The Managed Funds Association (MFA) has provided feedback to the New York Department of Taxation and Finance regarding proposed rules under Part 4 of the Article 9-A Business Corporation Franchise Tax Regulations, regarding apportionment including, in particular, rules relating to “passive investment customers.” MFA represents the global alternative asset management industry, which includes over 900 New York State-based investment managers overseeing a combined $3.3 trillion in gross assets. These investment managers play a crucial role for institutional investors like pensions, endowments, and nonprofits in diversifying portfolios and managing risk.

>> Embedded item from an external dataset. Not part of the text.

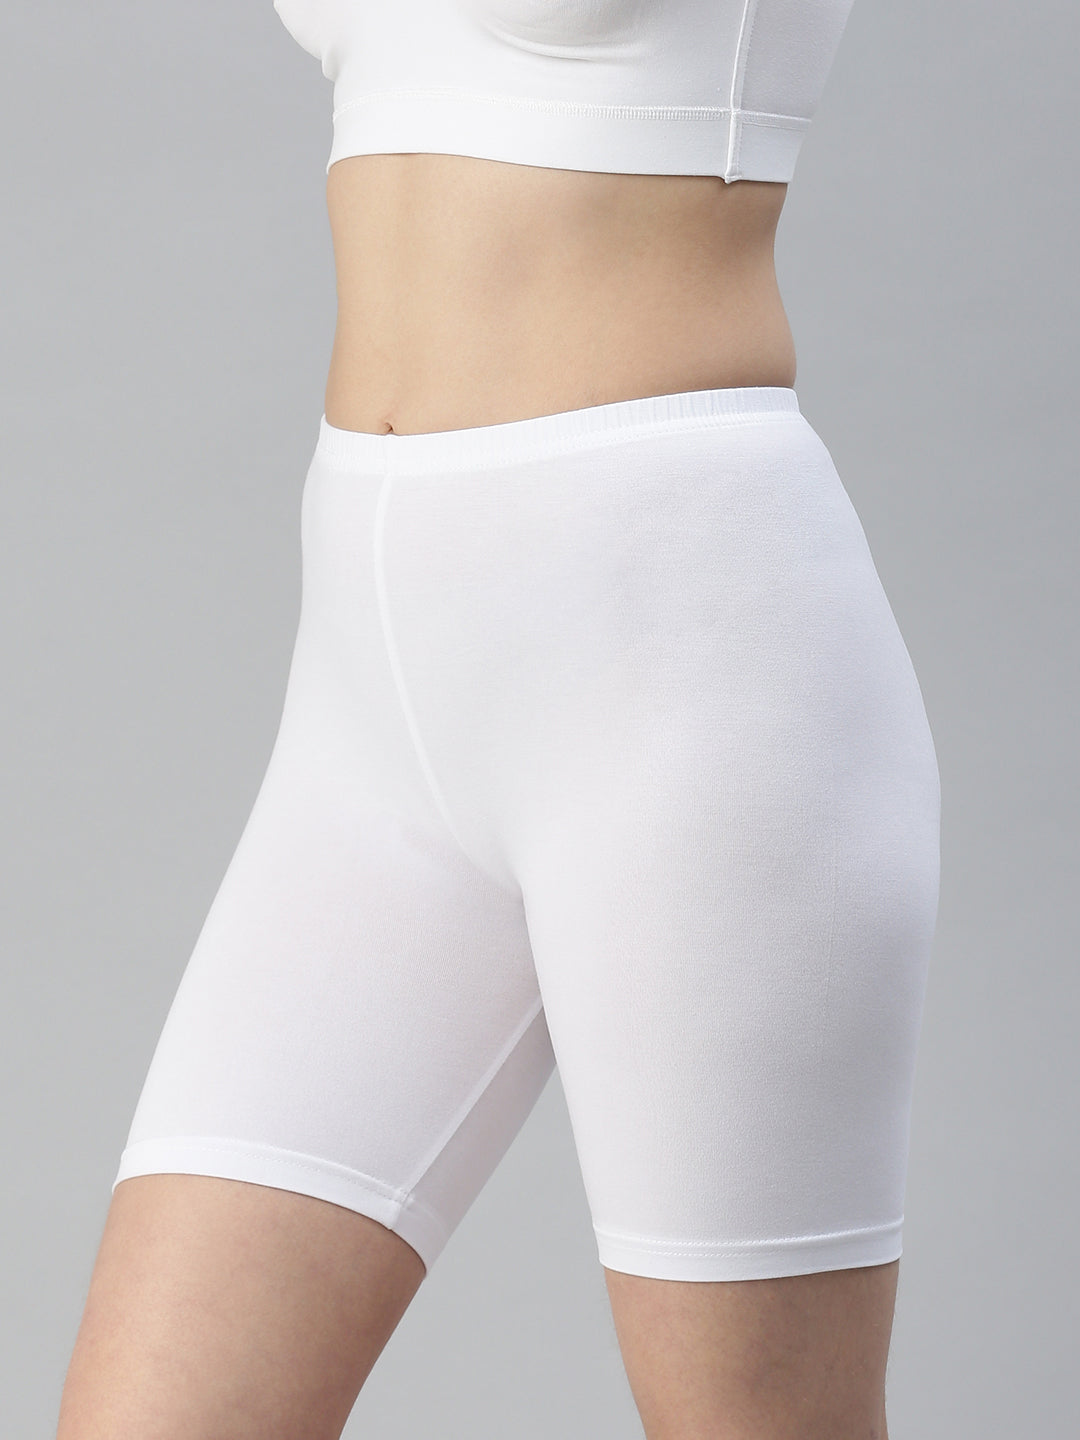 Prisma's White Yoga Shorts for Comfortable Workout
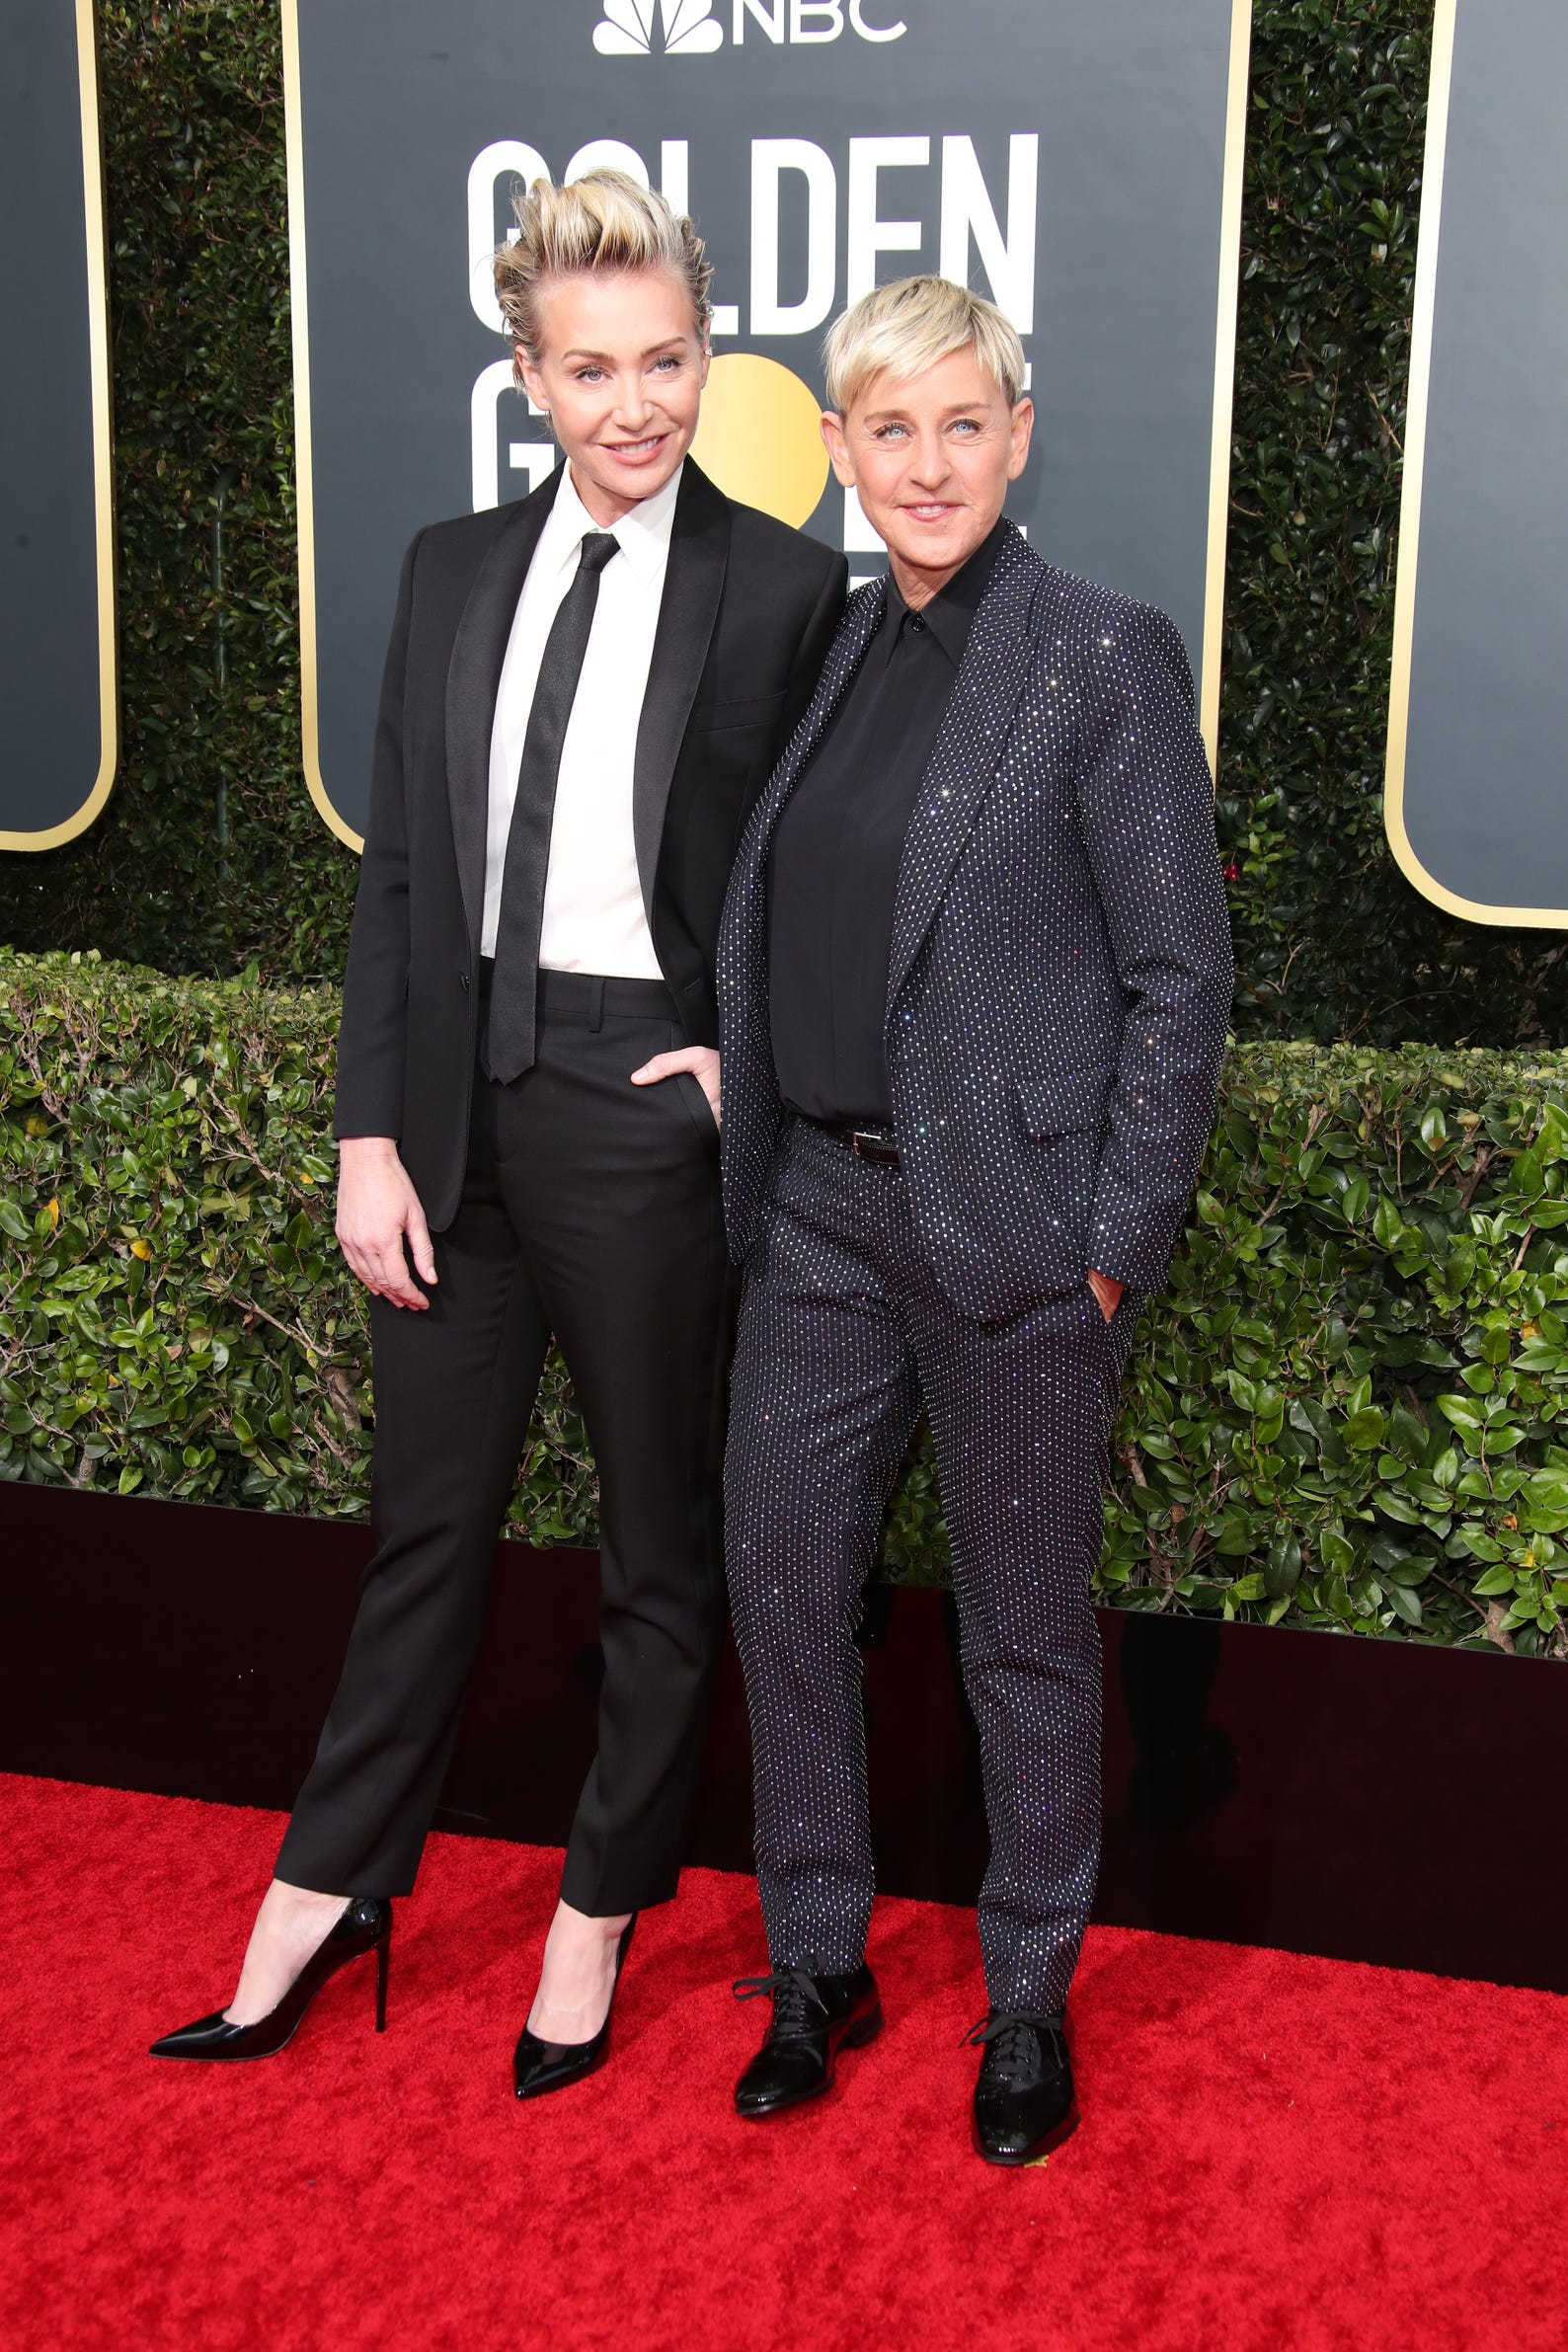 Portia de Rossi, left, and Ellen DeGeneres

The proposed regulations will impact how these members and the Department measure taxable in-state investment management activities.
MFA expresses support for the Department’s continued effort to marry the New York State Legislature’s intent to apply customer-based, or market, sourcing rules with administrable regulations which reflect the economics of specific service provider-customer arrangements and, in doing so, submit for public feedback multiple iterations of such regulations. MFA also commends the Department for its receptivity to the overwhelming view of respondents that receipts for administration, distribution, and management services provided to a passive investment customer should be sourced to the investors in the passive investment customer.
MFA encourages the Department to proceed to formally adopt the proposed Regulations and offers specific recommendations to enhance the accuracy and administrability of these rules.